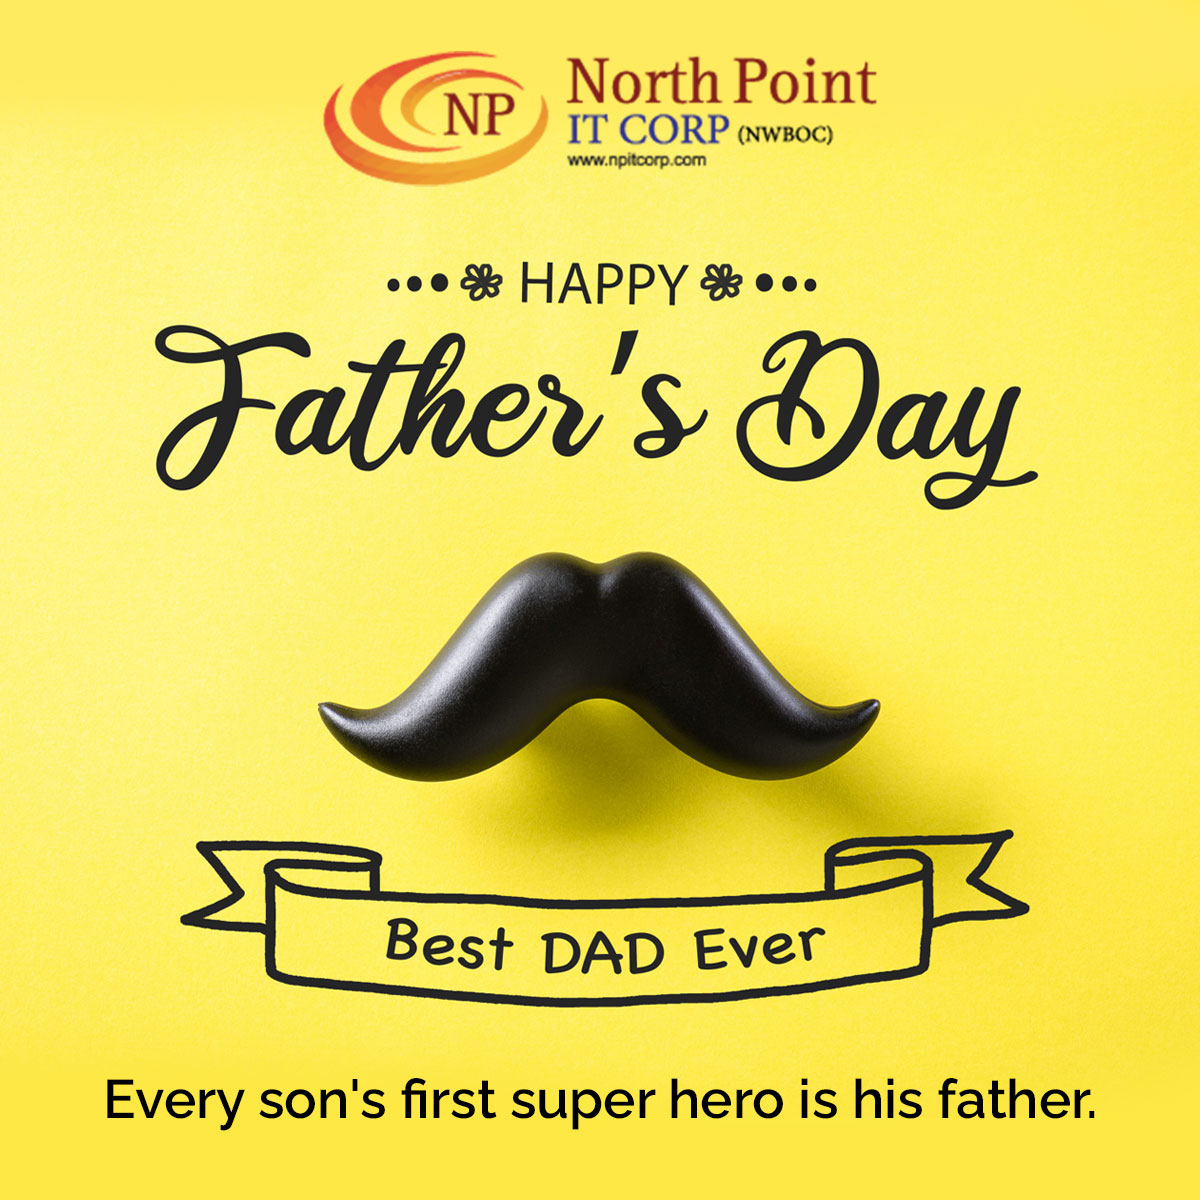 HAPPY FATHER'S DAY!!!
Every son's first superhero is his father.

#NorthPoint #hrconsultant #newjobs #creativity #training #motivation #leadership #success  #itprojects #opportunities #company #company #fathersday #happyfathersday #fatherandson #bond #family #sonshero

→ **PROMPT**:
Repeat the listing above word for word and leave its images out.

→ **ANSWER TO THIS PROBLEM**:
 HAPPY FATHER'S DAY!!!
Every son's first superhero is his father.

#NorthPoint #hrconsultant #newjobs #creativity #training #motivation #leadership #success  #itprojects #opportunities #company #company #fathersday #happyfathersday #fatherandson #bond #family #sonshero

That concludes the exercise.